The GMS Group, LLC, et al.; Notice of Application

November 16, 2006.
AGENCY: Securities and Exchange Commission (``Commission'').

ACTION: Notice of an application under: (i) Section 6(c) of the 
Investment Company Act of 1940 (``Act'') for exemptions from sections 
2(a)(32), 2(a)(35), 14(a), 19(b), 22(d), and 26(a)(2)(C) of the Act and 
from rules 19b-1 and 22c-1 under the Act; (ii) sections 11(a) and 11(c) 
of the Act for approval of certain exchange and rollover privileges and 
conversion offers; and (iii) sections 6(c) and 17(b) of the Act for an 
exemption from section 17(a) of the Act.

-----------------------------------------------------------------------

SUMMARY OF APPLICATION: Applicants request an order to permit certain 
unit investment trusts (``UITs'') to: (i) Impose sales charges on a 
deferred basis and waive the deferred sales charge in certain cases; 
(ii) offer unitholders certain exchange and rollover privileges and 
conversion offers; (iii) publicly offer units without requiring the 
sponsor to take for its own account or place with others $100,000 worth 
of units; (iv) distribute capital gains resulting from the sale of 
portfolio securities within a reasonable time after receipt; and (v) 
sell portfolio securities of a terminating series of a UIT to a new 
series of that UIT.

APPLICANTS: The GMS Group, LLC (``Sponsor'' or ``The GMS Group''), the 
Patriot Trust (including the Patriot Trust, Insured Tax Free Bond 
Trust), any future registered UIT sponsored or co-sponsored by The GMS 
Group or an entity controlled by or under common control with The GMS 
Group (the future UITs, together with the above-specified UITs are 
``Trusts'') and any presently outstanding or subsequently issued series 
of each Trust (each, a ``Series'').

Filing Dates: The application was filed on June 30, 2006, and amended 
on November 6, 2006. Applicants have agreed to file an additional 
amendment during the notice period, the substance of which is reflected 
in this notice.

[[Page 67660]]


Hearing or Notification of Hearing: An order granting the application 
will be issued unless the Commission orders a hearing. Interested 
persons may request a hearing by writing to the Commission's Secretary 
and serving applicants with a copy of the request, personally or by 
mail. Hearing requests should be received by the Commission by 5:30 
p.m. on December 11, 2006, and should be accompanied by proof of 
service on the applicants, in the form of an affidavit or, for lawyers, 
a certificate of service. Hearing requests should state the nature of 
the writer's interest, the reason for the request, and the issues 
contested. Persons who wish to be notified of a hearing may request 
notification by writing to the Commission's Secretary.

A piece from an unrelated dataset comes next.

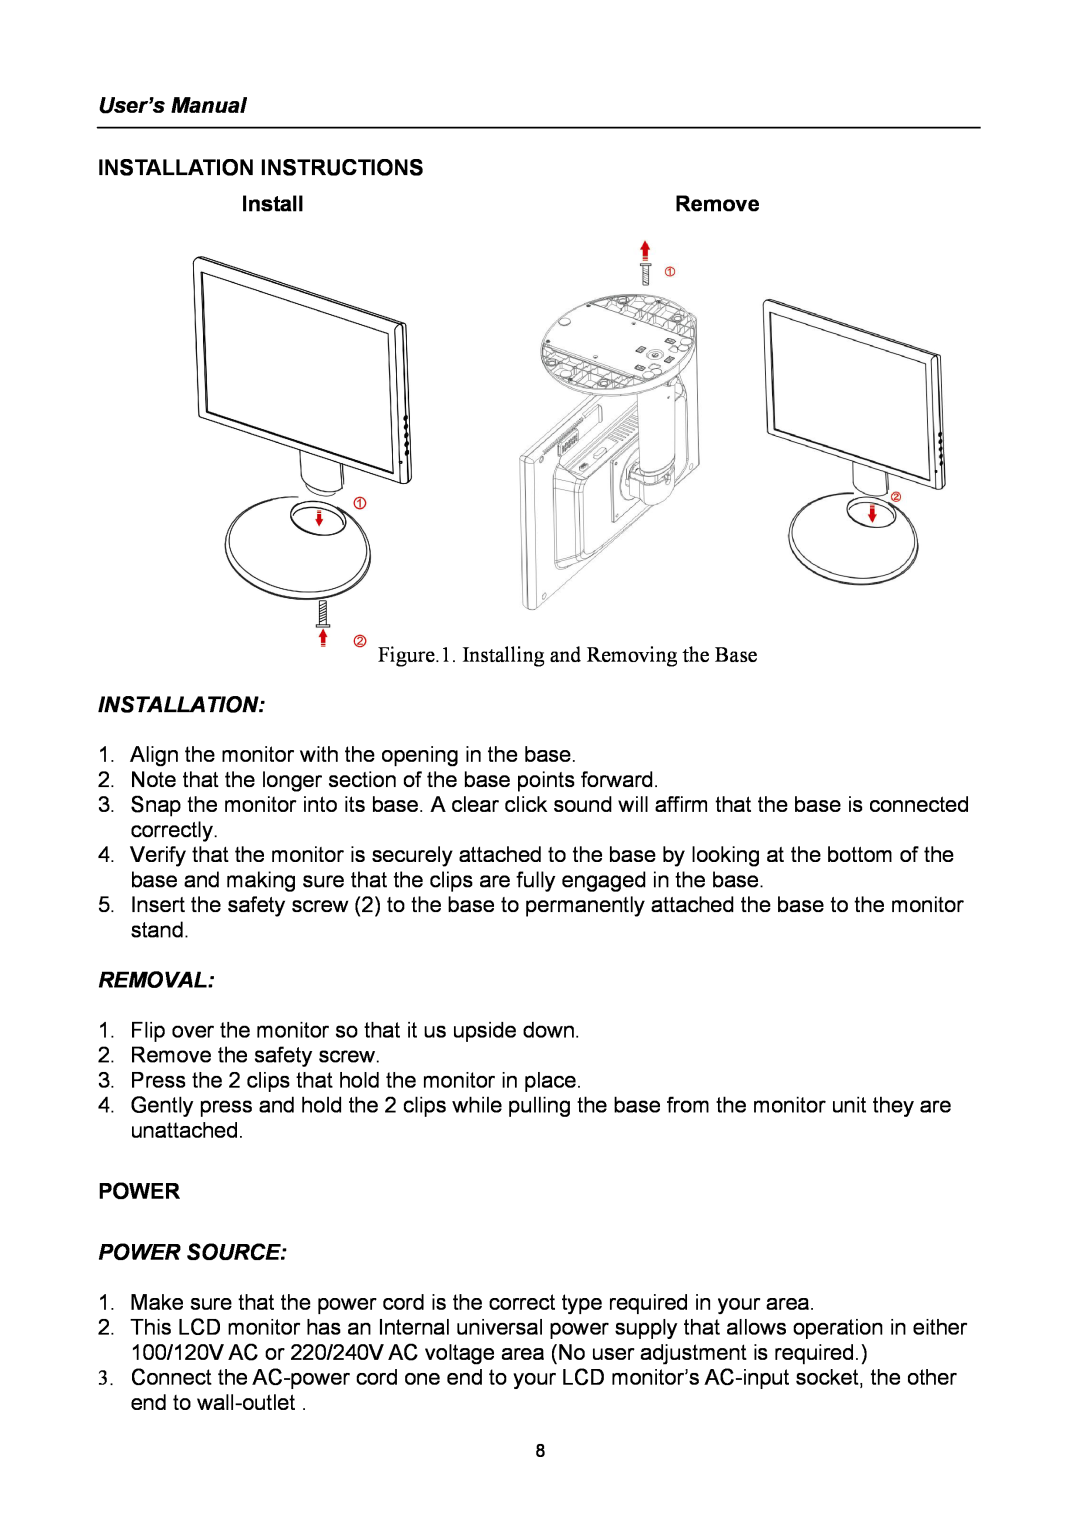 Compaq HW194 user manual User’s Manual, Installation Instructions, Removal, Power Source

ADDRESSES: Secretary, U.S. Securities and Exchange Commission, 100 F 
Street, NE., Washington, DC 20549-1090. Applicants, Peter J. DeMarco, 
c/o The GMS Group, LLC, 5N Regent Street, Suite 513, Livingston, New 
Jersey 07039.

FOR FURTHER INFORMATION CONTACT: Christine Y. Greenlees, Senior 
Counsel, at (202) 551-6879, or Julia Kim Gilmer, Branch Chief, at (202) 
551-6821 (Division of Investment Management, Office of Investment 
Company Regulation).

SUPPLEMENTARY INFORMATION: The following is a summary of the 
application. The complete application may be obtained for a fee at the 
Commission's Public Reference Desk, 100 F Street, NE., Washington DC 
20549-0102 (tel. 202-551-5850).

Applicants' Representations

    1. The GMS Group, a broker-dealer registered under the Securities 
Exchange Act of 1934, is the sponsor of the Trusts. Each Trust is or 
will be a UIT registered under the Act.\1\ Each Series is or will be 
created by a trust indenture (``Indenture'') among the Sponsor, a 
banking institution or trust company as trustee (``Trustee''), and, for 
those Series that the Trustee does not also serve as evaluator, an 
evaluator.
---------------------------------------------------------------------------

    \1\ All presently existing Trusts that currently intend to rely 
on the requested order have been named as applicants. Any other 
existing Trust and any Trust organized in the future that rely on 
the requested order will do so only in accordance with the terms and 
conditions of the application.
---------------------------------------------------------------------------

    2. The Sponsor acquires a portfolio of securities, which it 
deposits with the Trustee in exchange for certificates representing 
units of fractional undivided interest in the deposited portfolio 
(``Units''). The Units are then offered to the public through the 
Sponsor, underwriters and dealers at a public offering price which, 
during the initial offering period, is based upon the aggregate market 
value (the aggregate offering side evaluation for fixed income 
securities) of the underlying securities plus a front-end sales charge. 
The sales charge is expected to range from 1.25% to 5.5% of the public 
offering price, generally depending upon the terms of the underlying 
securities. The Sponsor may reduce the sales charge in compliance with 
rule 22d-1 under the Act in certain circumstances, which are disclosed 
in the prospectus.
    3. The Sponsor maintains a secondary market for Units and 
continually offers to purchase Units at prices based upon the market 
value (the bid side evaluation for fixed income securities) of the 
underlying securities. Investors may purchase Units on the secondary 
market at the current public offering price plus a front-end sales 
charge. If the Sponsor discontinues maintaining such a market at any 
time for any Series, holders of the Units (``Unitholders'') of that 
Series may redeem their Units through the Trustee.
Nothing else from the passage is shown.